Jupiter images on film

Some of the best images of Jupiter taken using slide film are shown here. All images are shown inverted, with South on top and West on the right side. They all used the AO-2 adaptive optics system, and show nearly diffraction-limited images taken during moderately good seeing in San Diego, but when the planet was rather low in the sky. All of these images were taken with a 10" F/10 telescope, projected to F/140 with an eyepiece projection setup and a Minolta SRT-101 body. Fuji Velvia film was chosen; it has a relatively slow speed of ISO 50, but I think it has the best contrast and the finest grain of any of the slide films. To digitize the images, the slides were re-imaged using red, green, or blue light onto a CCD camera. Each individual exposure was gently processed with Berry's AIP program (unsharp masked), then merged with Johnston's Super-Tri program. The intent of the image processing was to keep as much detail as possible without distortion. The colors shown here are as realistic as possible! Since several steps were required to digitize the film, and then do flat-field processing on those images, and finally merge the images, they are only a fair representation of the original slides. The re-photographing of the slides brought out more grain, but since they were taken during a unique time in Jupiter's history, they are all shared here.
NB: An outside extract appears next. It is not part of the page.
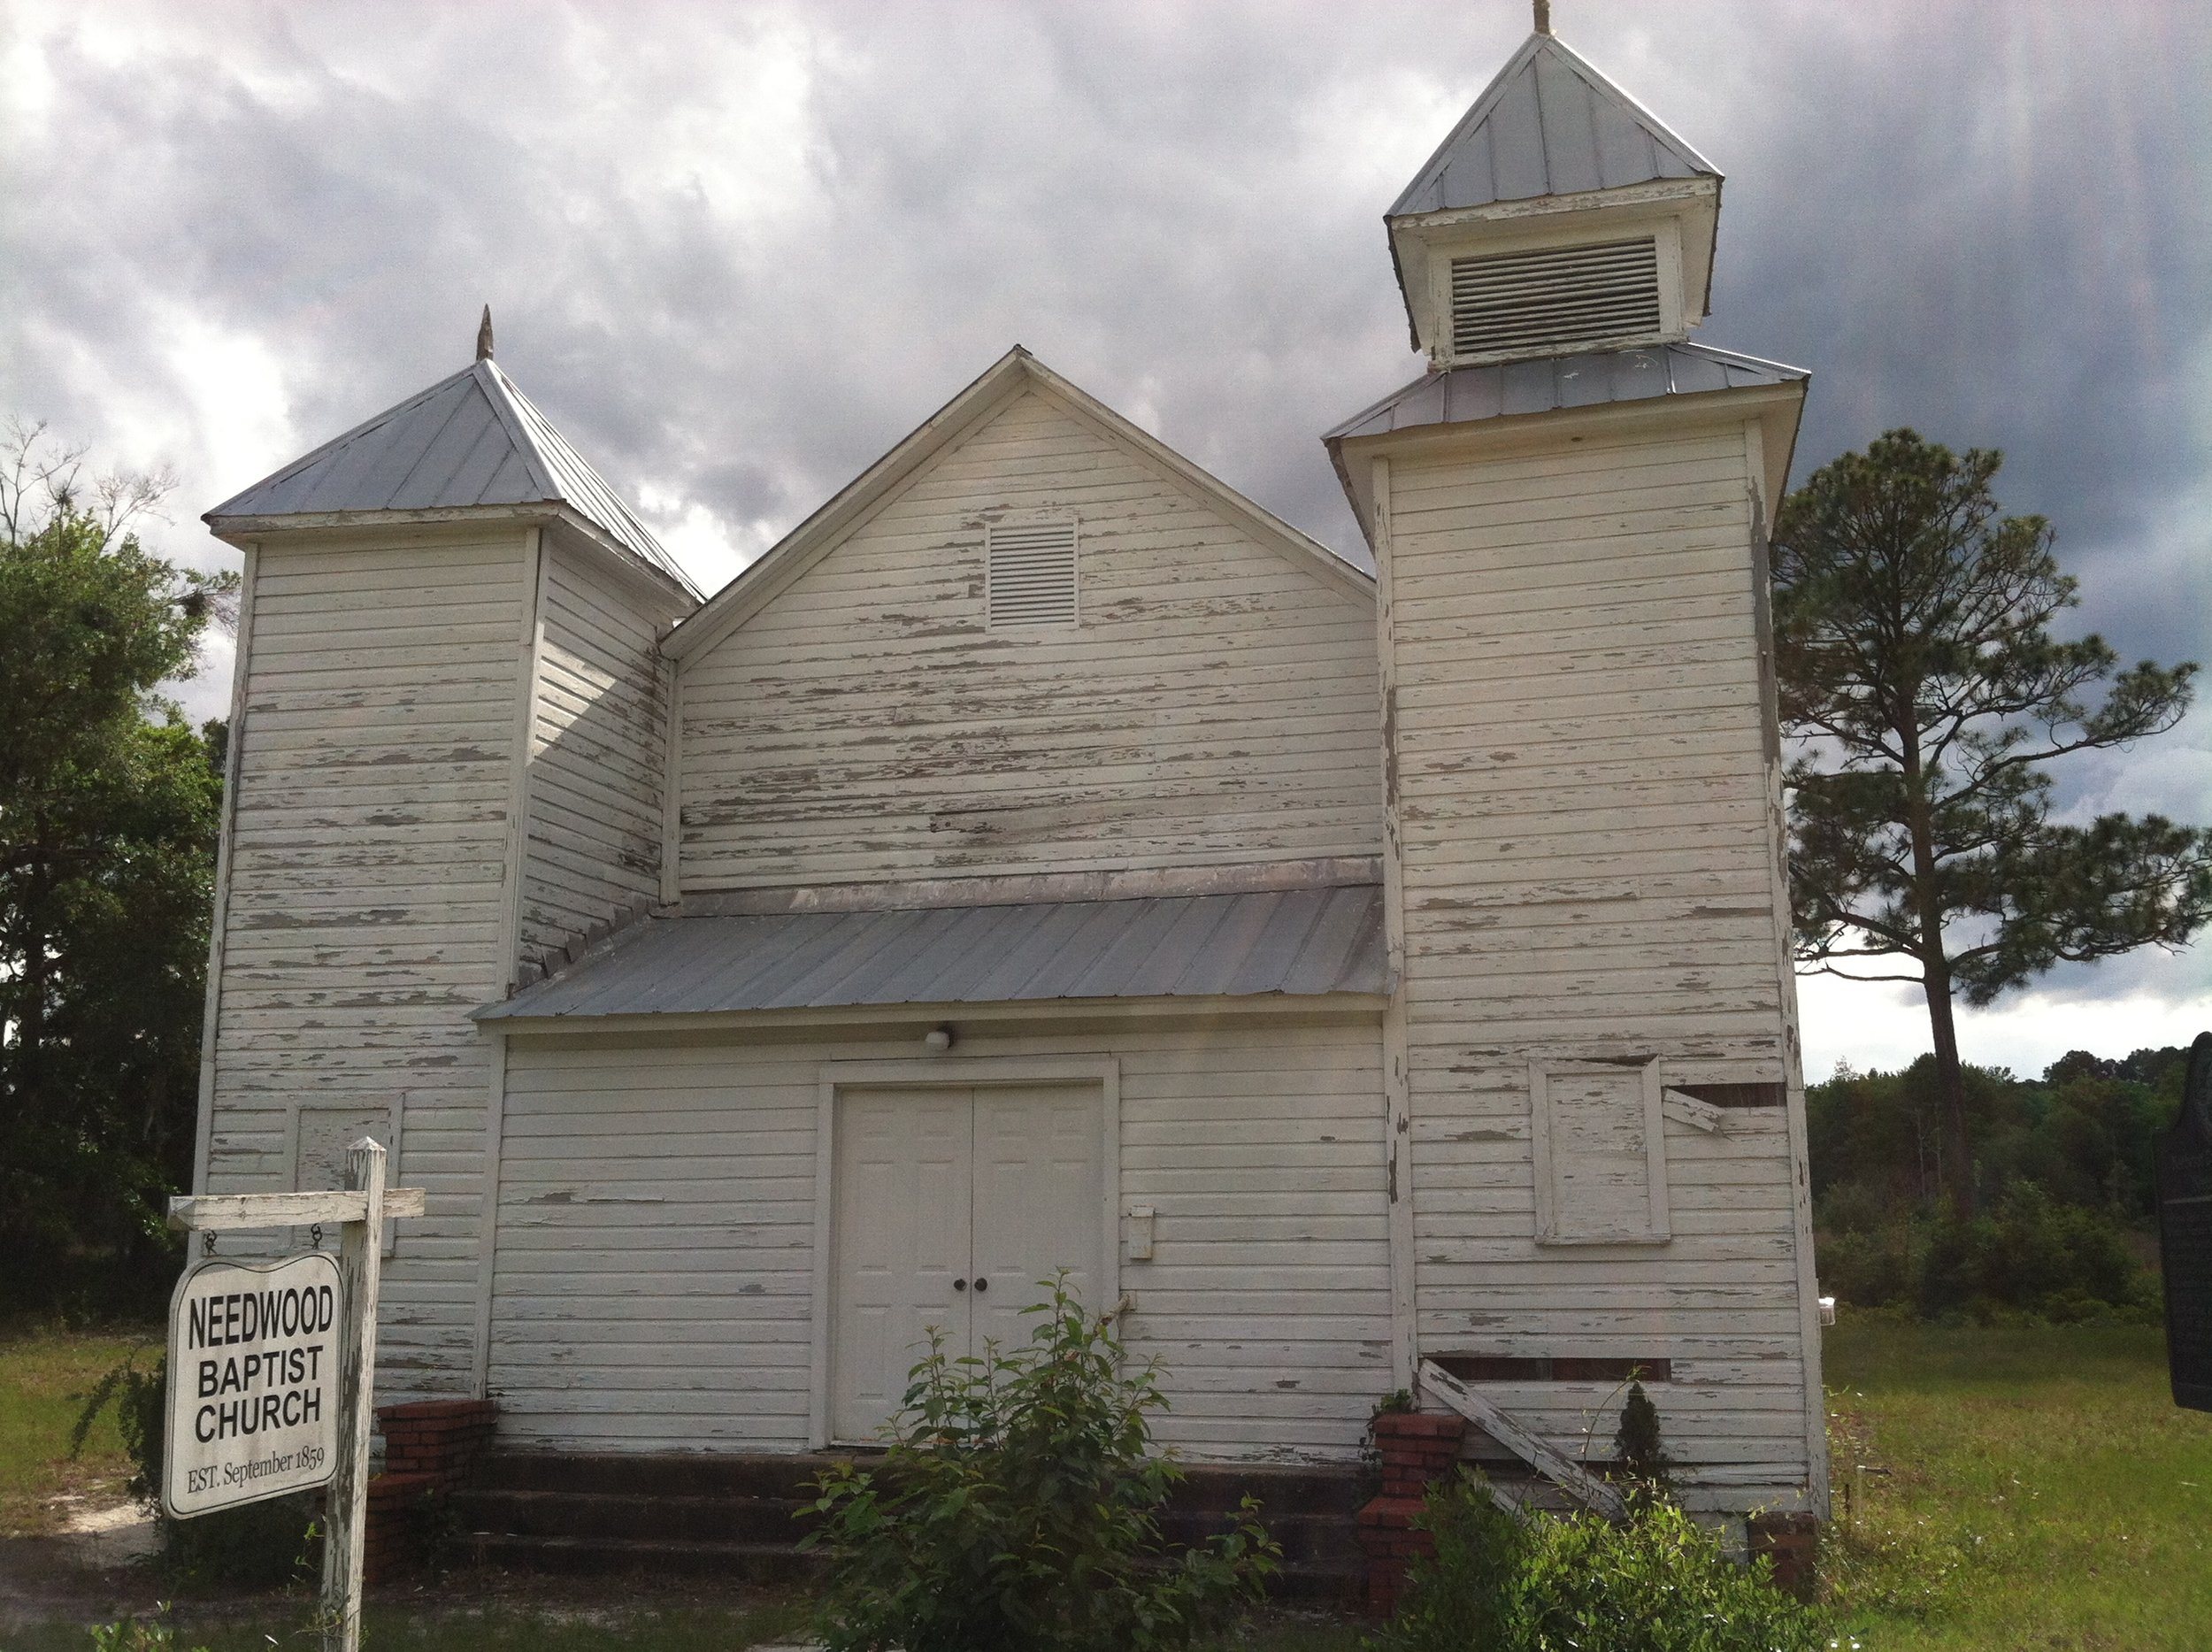 Needwood Baptist Church

These photos were taken during the week of the Comet Shoemaker-Levy 9 collisions in 1994. Jupiter was low on the horizon (between 31° and 34° when the photos were taken), and the seeing was not good. The photos were taken as soon as the telescope was set up at dusk, and the seeing did not have a chance to improve as the planet set even lower.

Jupiter at 4:18 UT on July 22, 1994; a 28 second exposure. The largest impact areas are seen with lighter areas surrounding them. Some image deterioration is from the copying process from the slide to the digital format.

Jupiter at 4:27 UT on July 25, 1994; a 25 second exposure. The Great Red Spot is visible, for a good size comparison. Jupiter's central meridian was nearly the same as for the June 19 photos, which makes a good before-and-after comparison. Note the bright blue clouds near the center, making interesting contrasts.

Jupiter at 4:18 UT on July 26, 1996. With the other two images, this set shows all the major impact areas. The AO-2 allowed these great images to be taken even though the seeing was poor so close to the horizon.